Supplier Z jumps from 20% prior to 39% posterior: even though it provides the fewest parts, its high defect rate makes it the most likely source of any given defect.

The prosecutor’s fallacy

⚠️ P(evidence | innocent) is not P(innocent | evidence)

The prosecutor’s fallacy is confusing the likelihood \(P(E \mid H)\) with the posterior \(P(H \mid E)\). A classic example:

  • DNA evidence matches the suspect with probability \(P(\text{match} \mid \text{innocent}) = 1/1{,}000{,}000\).
  • A prosecutor claims: “There is only a 1 in a million chance the suspect is innocent.”

This is wrong. \(P(\text{match} \mid \text{innocent})\) is not \(P(\text{innocent} \mid \text{match})\). The correct calculation requires the prior probability that the suspect is guilty, the size of the population, and the probability of a coincidental match. In a city of 1 million, one would expect one innocent person to also match the DNA profile. The posterior probability of innocence given a match could be 50%, not 1 in a million.

This error has contributed to wrongful convictions. Bayes theorem is the correct tool for evaluating forensic evidence.

Frequentist vs Bayesian interpretation

Bayes theorem itself is mathematically uncontroversial: it follows directly from the definition of conditional probability. The debate is about how to use it:

  • Frequentists accept Bayes theorem as a probability rule but reject the idea of assigning prior probabilities to hypotheses (which they view as fixed, not random).

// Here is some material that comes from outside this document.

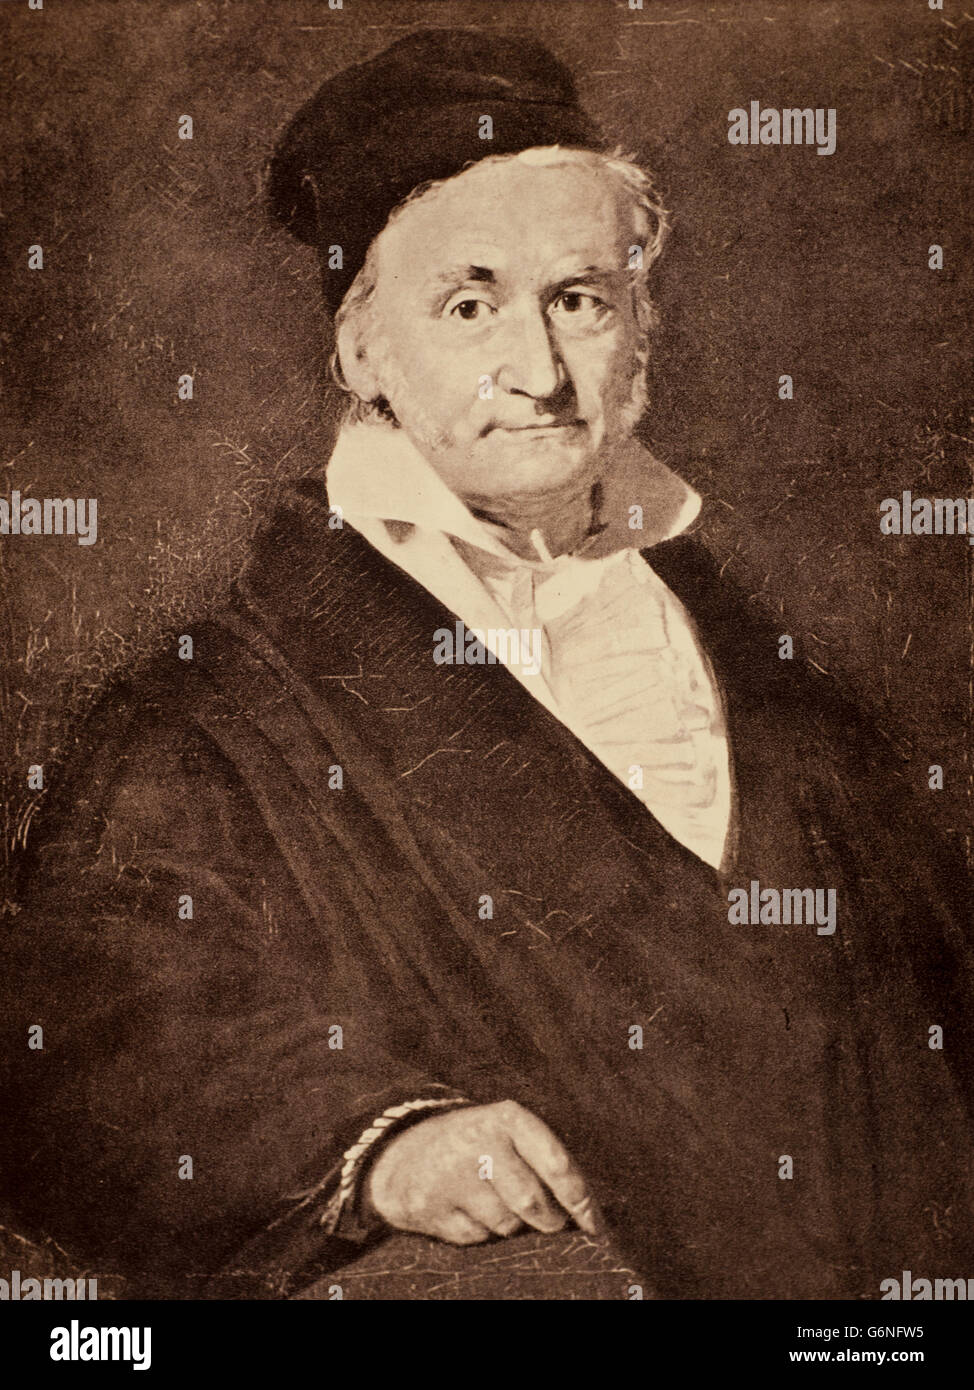 Johann Carl Friedrich Gauss (Braunschweig, April 30, 1777 - Göttingen, February 23, 1855) It was a mathematician, German astronomer and physicist, Stock Photo
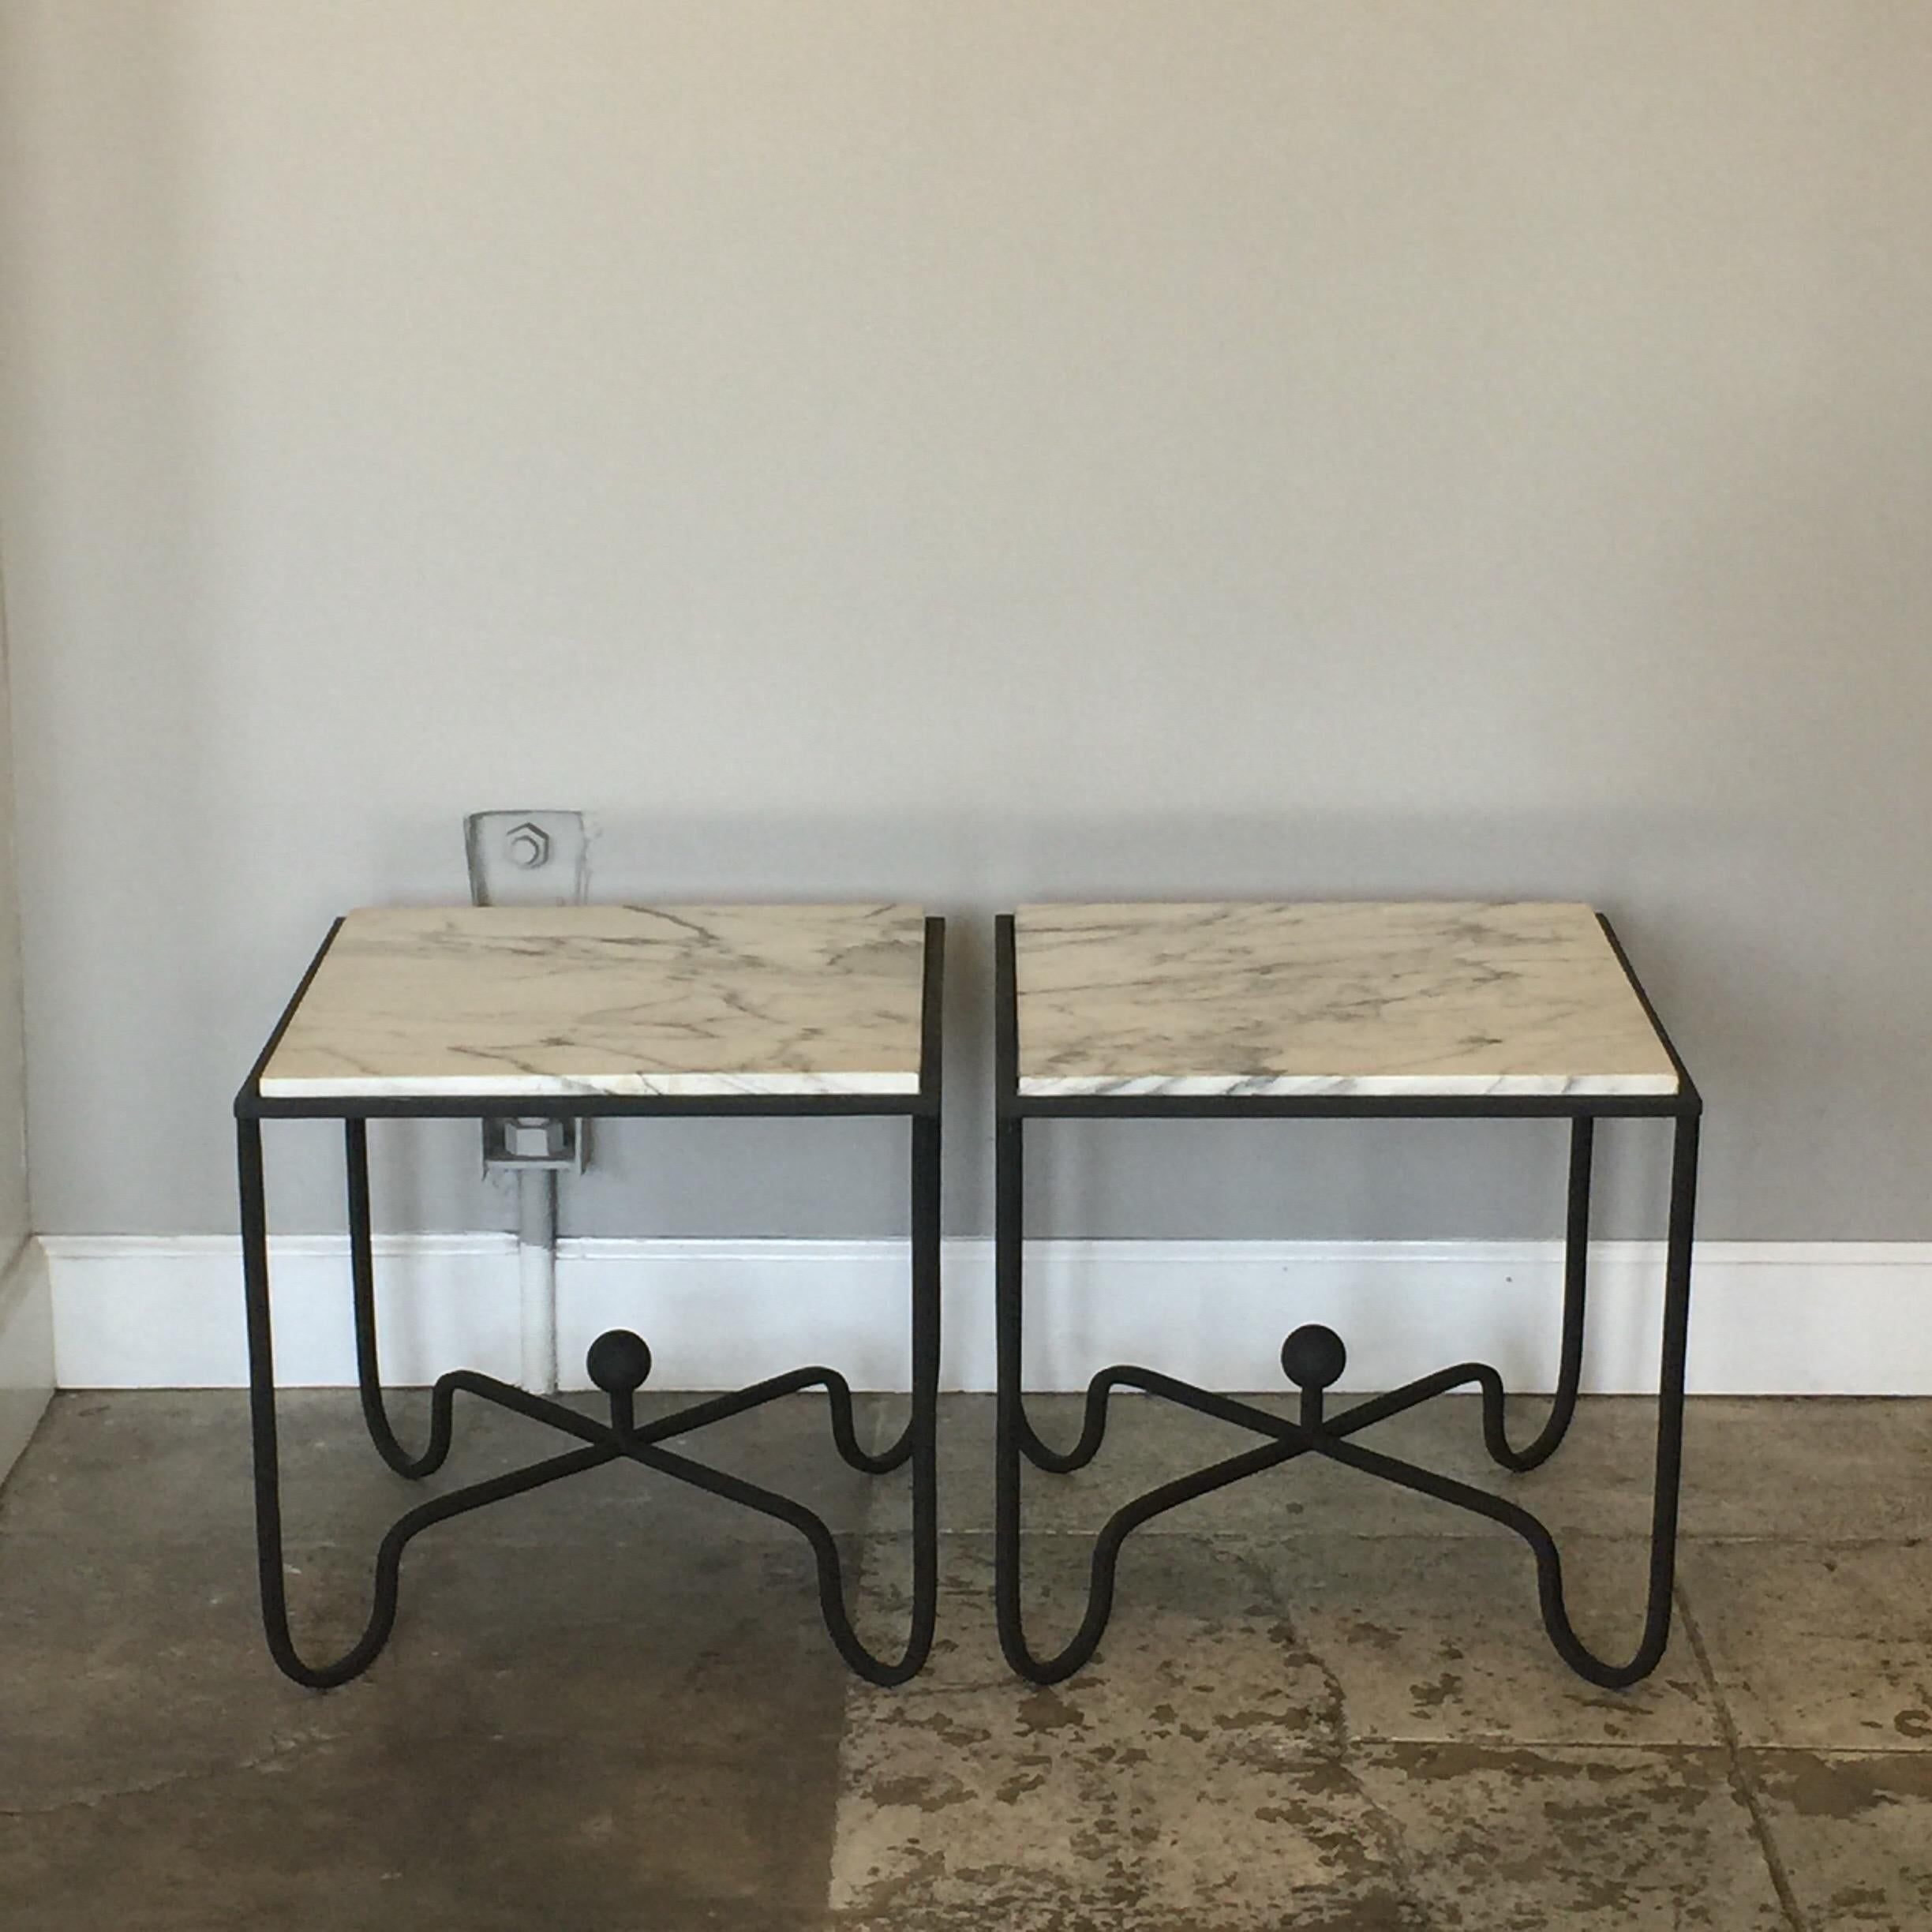 Paire de tables d'appoint 'Entretoise' en fer forgé et marbre de Design Frères. Des bases en fer forgé noir mat et des plateaux en marbre blanc veiné poli.

They use it only when \(A\) is a random event with a well-defined frequency.
  • Bayesians use Bayes theorem as the general rule for updating any degree of belief, including beliefs about fixed but unknown parameters. The prior encodes existing knowledge or assumptions, and the posterior summarizes what is known after seeing the data.

In practice, Bayesian methods are used in machine learning (Naive Bayes, Bayesian networks), clinical trial design, A/B testing, and any domain where incorporating prior knowledge is valuable.

💡 The three-step recipe for applying Bayes theorem

Every application of Bayes theorem follows the same structure:

  1. State the prior \(P(A)\): what do you believe before seeing the evidence?
  2. Specify the likelihood \(P(B \mid A)\): how probable is the evidence under each hypothesis?
  3. Compute the marginal likelihood \(P(B)\) using the law of total probability.
  4. Apply Bayes theorem to get the posterior \(P(A \mid B)\).

The posterior answers the question you actually care about. The likelihood answers the reverse question, which is often easier to measure (a lab can measure test sensitivity; a patient wants to know their risk).